There are two main approaches, said Beaverson: process improvement and automation. This is an opportunity to collaborate outside of IT and pull people in from other areas of campus who may have more experience implementing process improvements.

Automation, on the other hand, “falls squarely within IT, and there’s many ways to automate,” such as the ServiceNow platform, Beaverson said. For example, human resources workflows (like onboarding employees) could work well with automation.

MORE FROM EDTECH: Colleges leverage digital transformation for student success.
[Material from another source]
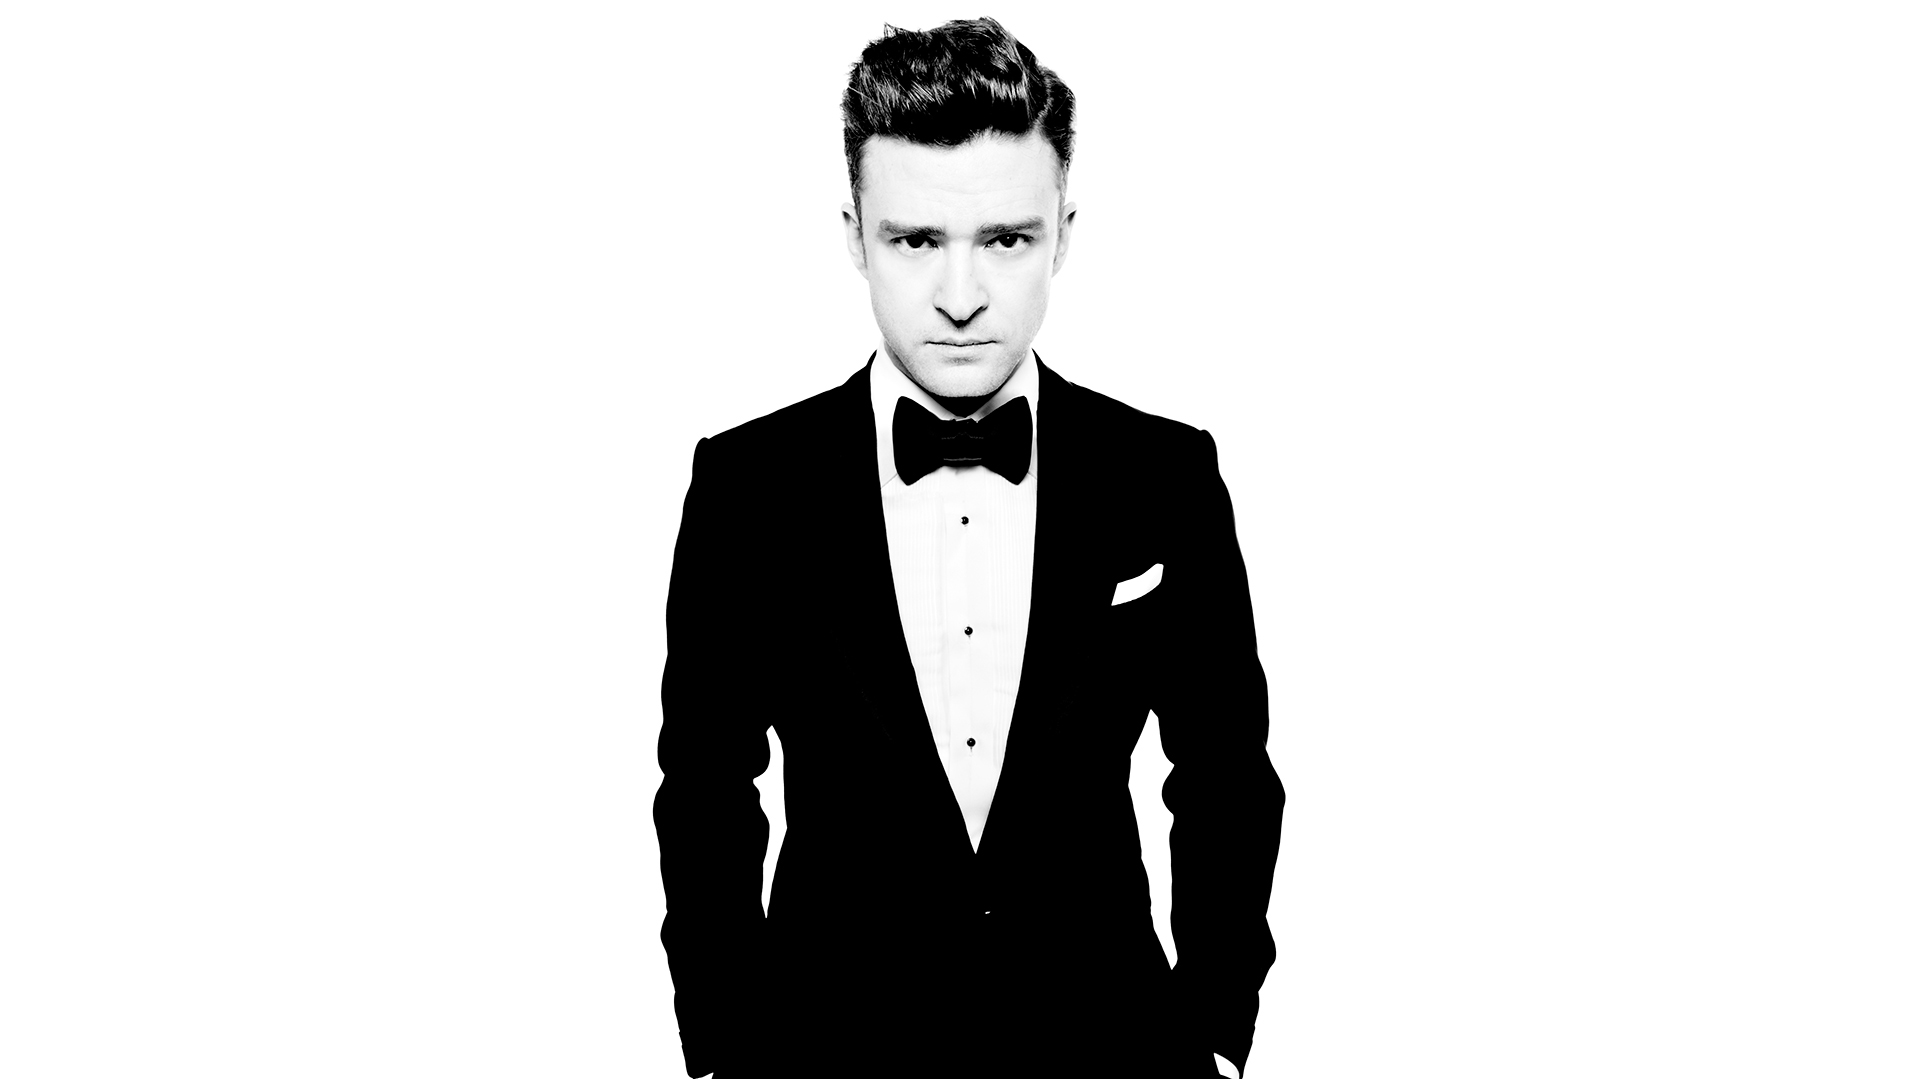 Justin Timberlake's new album, The 20/20 Experience, is out now. (Courtesy of the artist)
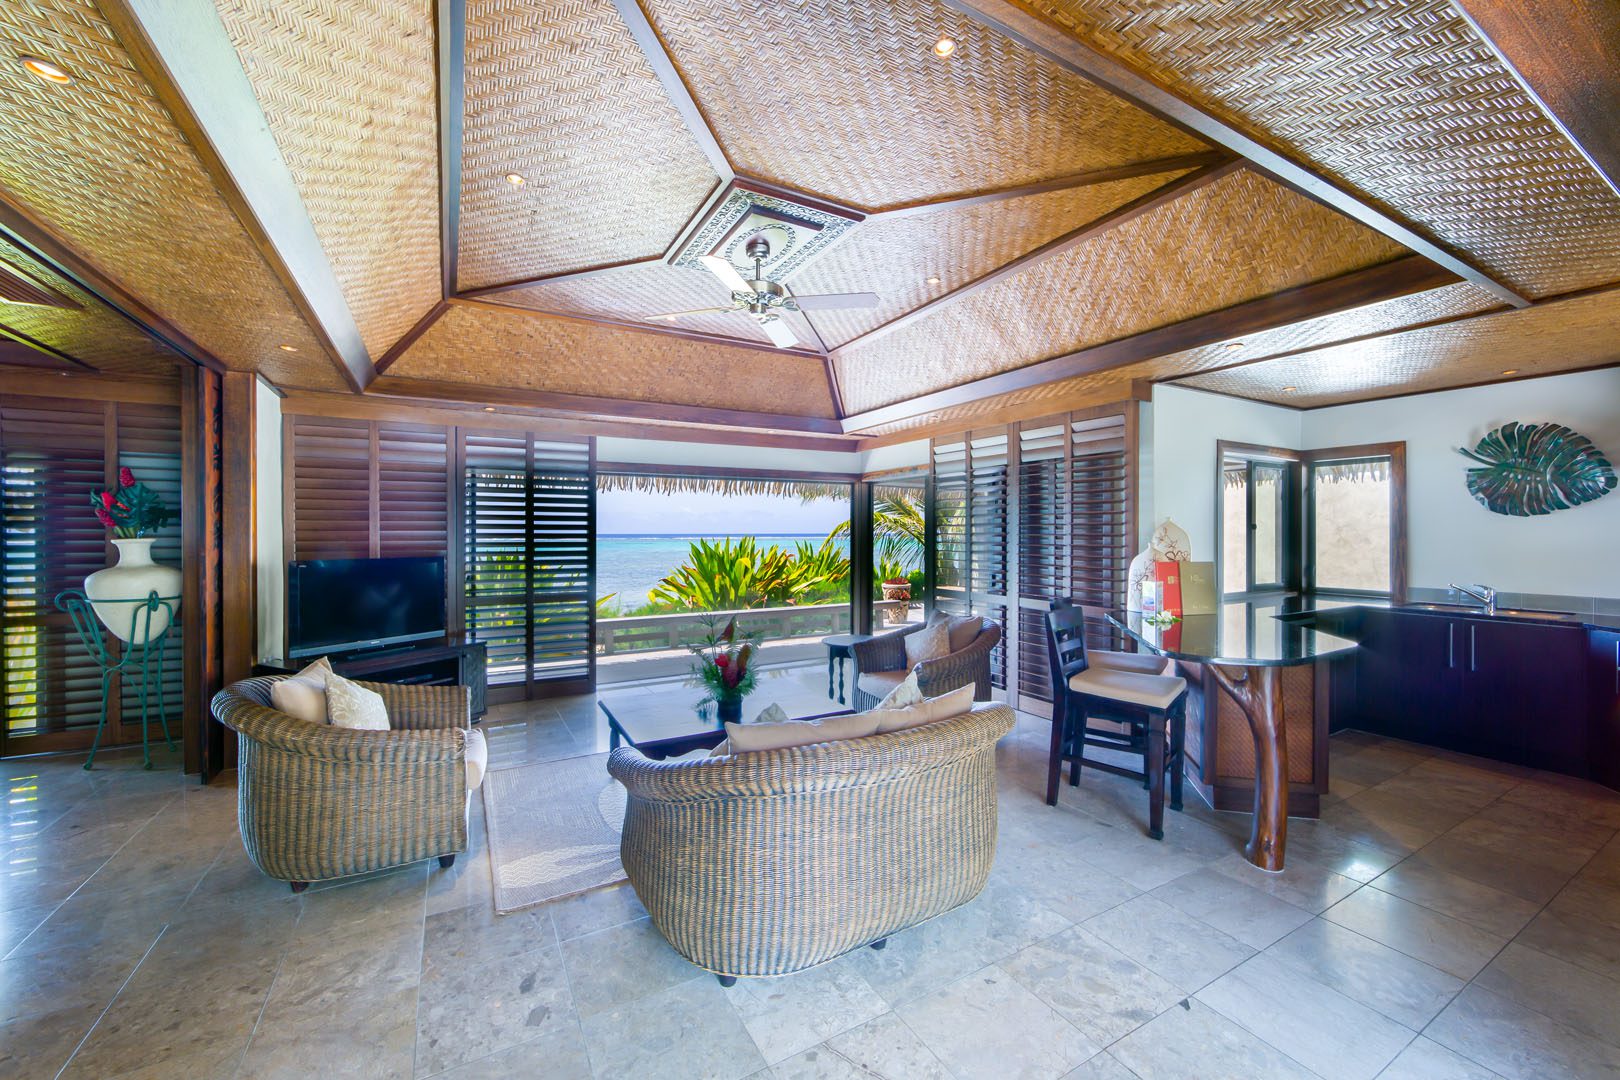 Te Manava Luxury Villas & spa Ultimate beachfront villa view from the inside the lounge & modern kitchen with a Polynesian décor

3. Take a Big-Picture Approach to Rationalize Portfolios

What’s particularly important in looking at portfolios, Beaverson said, is gaining an understanding of the true savings.

“We encourage customers to do a rapid assessment to understand what the opportunity is,” he said. “You may be able to reduce your application portfolio, but if you have already paid for the licenses … you may just have minimal costs saved. You may decide the investment to get to that smaller savings is not worth it.”

4. Innovate, Transform and Grow in Key Campus Areas

Strategies in this area are all about providing additional value within 18 months or so. Given the pandemic, some of this may have already occurred on your campus through initiatives around remote learning. However, there might be other types of digital transformation initiatives that make sensible investments.

Don’t forget to also consider customer-facing touchpoints, such as your learning management systems, content development and collaboration capabilities, particularly given the current pandemic-related circumstances under which most colleges are operating. “If you have not refreshed your strategy and addressed all three of these, we’d certainly encourage you to do so,” Beaverson said.

It’s important to note that while 2020 has turned scenario-planning on its head, it’s not a reason to throw that important tool out the window. Beaverson pointed to two probable scenarios that colleges can realistically consider now: one that brings students back to campus in large numbers and one that requires remote learning well into the future.

“If we can develop these types of scenarios given certain probable outcomes and futures,” Beaverson said, “we’re in a much better position to understand where we invest, how we invest, how we scale up and how we scale down.”